Juan Camilo Hernandez, il 22enne attaccante colombiano, ha parlato in questi giorni con le sue ottime prestazioni in Premier League. Cinque gol finora in stagione e una prestazione complessiva sopra i 7,0 punti, gli hanno permesso di essere in 22 delle 29 partite che la sua squadra, il Watford, ha disputato.
Il suo allenatore, Roy Hodgson, ne ha recentemente parlato e ha commentato che, nonostante non sia stato preso in considerazione quando è arrivato in squadra, lo è diventando importante e il suo gioco è davvero buono. «Una cosa che ovviamente sa fare è segnare quando si presenta un'opportunità», ha detto. L'attaccante, dopo aver convertito Arsenal e Southampton, è stato scelto nell'undici ideale del campionato, insieme a nomi come Cristiano Ronaldo e Alexander Arnold, tra gli altri.
Ci sono molte voci intorno all'ex giocatore di America de Cali sul fatto che farà parte o meno La prossima chiamata di Reinaldo Rueda. L'attaccante colombiano non fa parte della nazionale dall'ottobre 2018, quando ha fatto il suo debutto con la squadra maggiore, in un'amichevole contro il Costa Rica in cui ha segnato due gol, uno dei quali è stato il più veloce, finora, di un debuttante con la nazionale.

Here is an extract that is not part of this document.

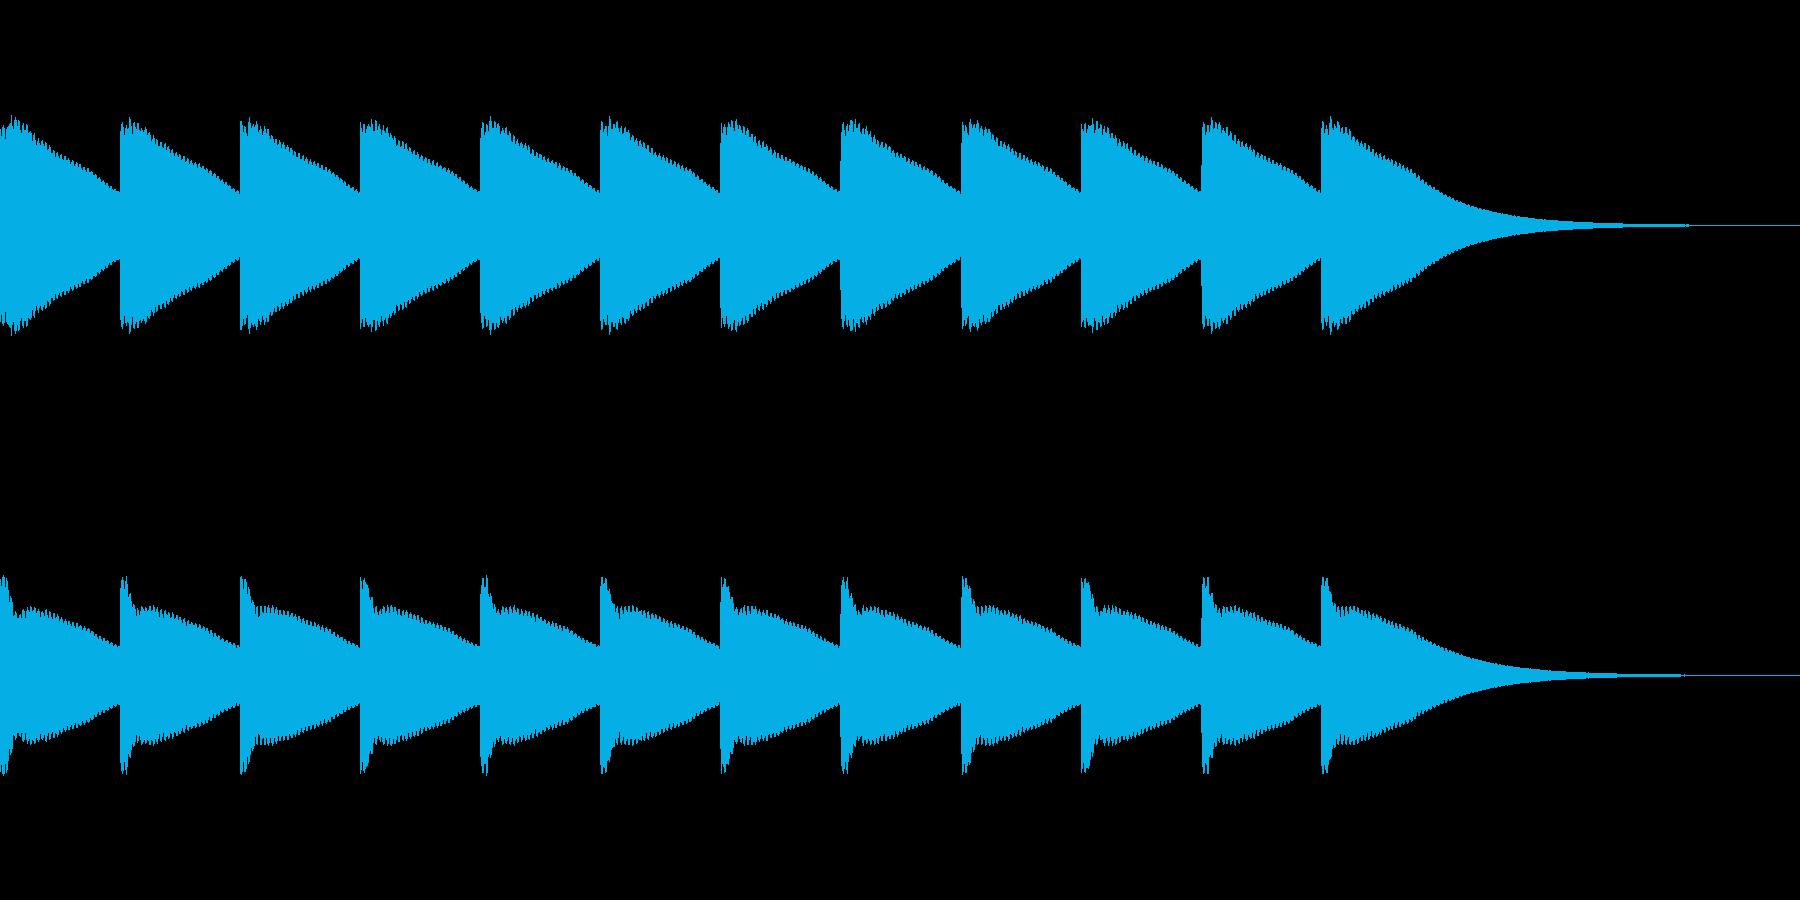 ボーンボーン...。時計の鐘B(高・長)の再生済みの波形

La mancanza di gol nella squadra guidata da Rueda è stata il problema principale fin dall'inizio, ma questo va oltre i nomi. Si tratta di un guasto interno. Né Borja, né Zapata, né Muriel, né Falcao. Nessuno è riuscito a porre fine alla siccità. Un'opzione chiara sembra indicare il Pereirano, che è in bilico e potrebbe essere più che utile contro Bolivia e Venezuela, e avrebbe maggiori possibilità quando la notizia è arrivata Falcao García non sarebbe stato chiamato per questi impegni a causa delle sue ferite. Tuttavia, non basta portare più marcatori, la squadra stessa deve cambiare mentalità per realizzare il tanto atteso miracolo della qualificazione al campionato del mondo.

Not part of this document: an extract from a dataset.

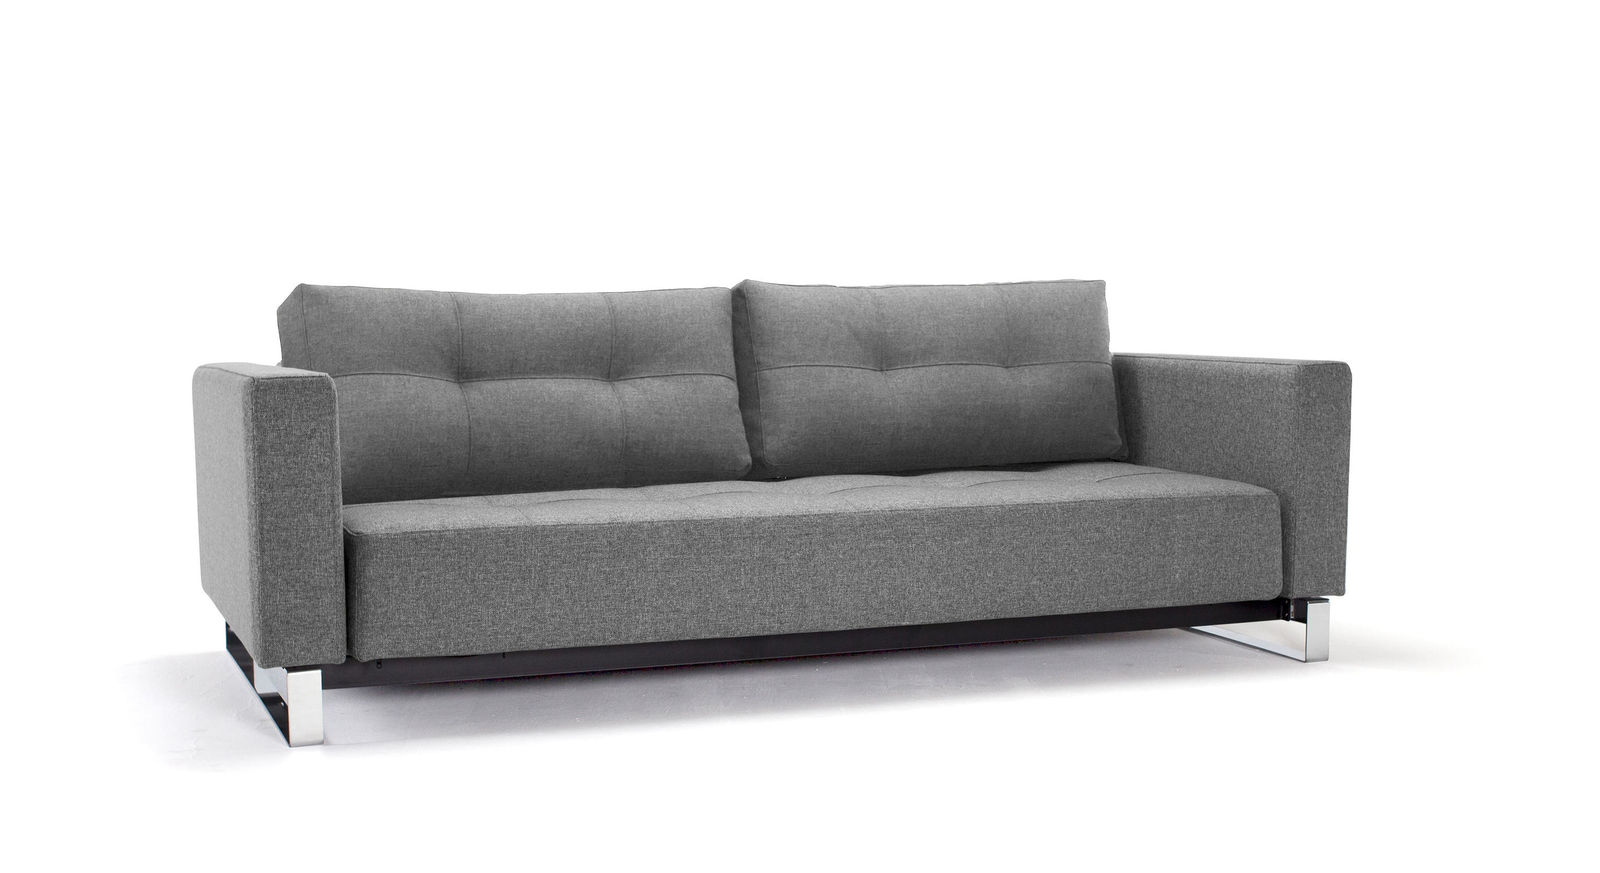 schlafsofas mit federkern im vergleich und test 2018 bei uns. Black Bedroom Furniture Sets. Home Design Ideas

Insieme a quello di Hernández, ci sono diversi nomi che si aggirano per la possibilità di integrare la squadra della Colombia Nazionale per queste ultime partite. Uno dei più popolari è quello di Luis Sinisterra, che ha recitato in modo positivo con lui olandese Feyenoord. Per quanto riguarda Cucho, circolano ancora timori, soprattutto dopo i suoi «capricci», quando ha inviato un messaggio a Rueda attraverso la stampa. «Non so cosa devo fare per essere lì perché alla fine, se si guarda alla logica, sono in Spagna da quattro anni. E non vederlo, ma chiamare giocatori che sono in Messico, MLS o Colombia è raro perché sono livelli diversi», ha detto. Le sue parole gli sono costate all'epoca, era nell'occhio dell'uragano della stampa colombiana e ha dovuto scusarsi pubblicamente attraverso il suo account Twitter.
La verità è che oggi Cucho Hernández ha tutto pronto per essere chiamato nella squadra nazionale colombiana, se l'allenatore lo sceglie. Se chiamato, sarebbe la sua prima volta nel turno di qualificazione. Non c'è dubbio che il suo regalo sarebbe molto utile per la squadra. La speranza di un gol da parte sua, in un momento come questo, non sarebbe affatto male.